Su escolta inspeccionó minuciosamente el grupo electrógeno que restableció el suministro

El presidente del Gobierno, José María Aznar, estuvo durante varias horas sin suministro eléctrico en un chalé de Beret durante el apagón que se produjo el pasado 29 de diciembre en el Val d'Áran. Agentes del servicio de seguridad del presidente retrasaron la entrada en funcionamiento de los equipos electrógenos por miedo a un sabotaje, según confirmaron a este diario medios de la Administración y fuentes técnicas del sector eléctrico. "El servicio de seguridad no impidió en ningún momento la instalación de grupos electrógenos", precisó ayer un portavoz de La Moncloa.

Tras los primeros momentos en los que se produjo el corte de luz en la zona pirenaica, que se inició a las 15.30 y duró más de 10 horas, los equipos técnicos de Endesa se trasladaron a la zona de Beret situada en la carretera de montaña que une Viella, la capital del valle, con el punto más alto de las pistas de esquí.

Los equipos de Fecsa-Endesa pretendían instalar un equipo electrógeno capaz de suministrar fluido a los chalés de la zona en la que pasaban las Navidades el presidente del Gobierno, su familia y todo su séquito, así como otras personas que disfrutan allí de sus vacaciones de invierno, entre las que se encuentra el presidente de la compañía Endesa, Manuel Pizarro. Aznar y Pizarro prefirieron guardar la máxima discreción sobre este episodio.

Los equipos de seguridad del presidente realizaron una minuciosa inspección, lo que retrasó durante largo tiempo -varias horas, según los medios señalados- la entrada en funcionamiento de los grupos electrógenos. Temían que el apagón fuese producto de un sabotaje contra la línea eléctrica y sospechaban que el paso siguiente pudiese ser un atentado, y por eso el chequeo fue exhaustivo.

El apagón en el Val d'Aran, que afectó a 25.000 personas durante 10 horas, se produjo a causa de un chispazo que desconectó el suministro en la antigua subestación eléctrica de Arties, según el informe que Endesa ha remitido a la Generalitat de Cataluña.

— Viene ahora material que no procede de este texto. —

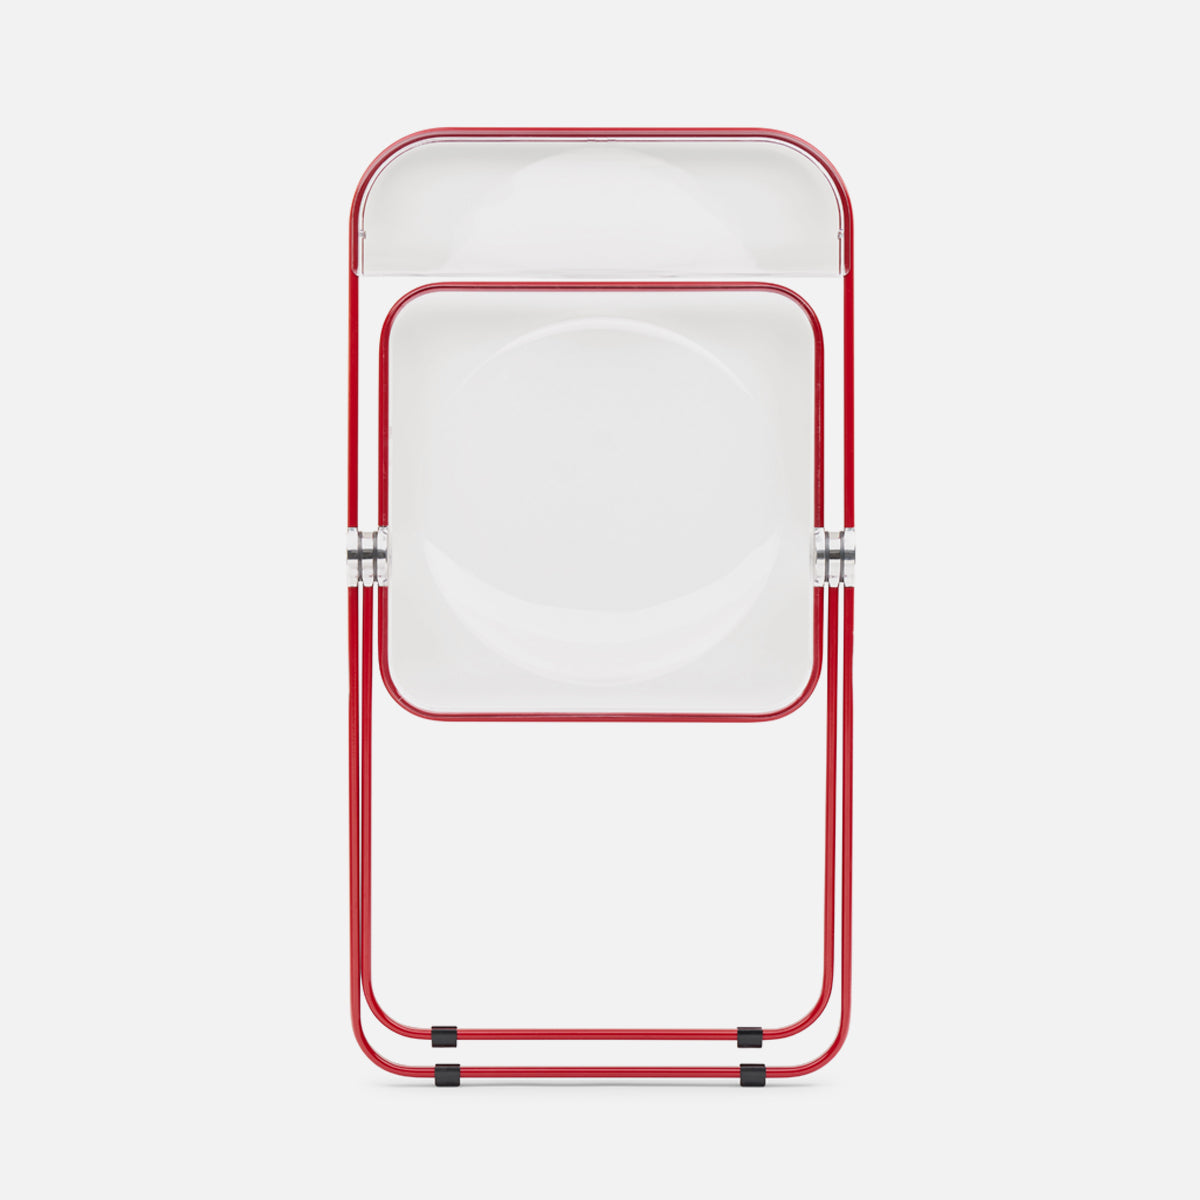 Anonima Castelli Plia Chair Red Clear

Ayer, el titular del Departamento de Trabajo e Industria de la Generalitat, Josep Maria Rañé, contestó a la compañía que la información que ha proporcionado sobre las causas del apagón es "insuficiente". Aunque no descarta que el material de la estación averiada haya sido renovado recientemente, el consejero es consciente de que, en general, la red de distribución de Endesa en Cataluña presenta deficiencias importantes. Según Rañé, la explicación de Endesa resulta "demasiado valorativa y muy poco explicativa", por lo que considera necesario "encargar un informe más completo a un experto independiente que evalúe no sólo las causas sino también las responsabilidades en las que ha podido incurrir la compañía".

Tras los primeros contactos con directivos de la compañía eléctrica, el Departamento de Industria ha dejado claro que Endesa debe construir y poner en funcionamiento una nueva susbestación en la zona pirenaica, cuyo coste rondaría los 18 millones. Endesa, que hace apenas un año presentó un nuevo plan de inversiones de más de 3.000 millones de euros destinado a modernizar la red catalana, considera que el coste de la nueva subestación debería financiarse con una subida de tarifas.

De nuevo, la noche del jueves, una interrupción del suministro dejó a oscuras a 4.000 abonados de la localidad turística de Cadaqués (Girona).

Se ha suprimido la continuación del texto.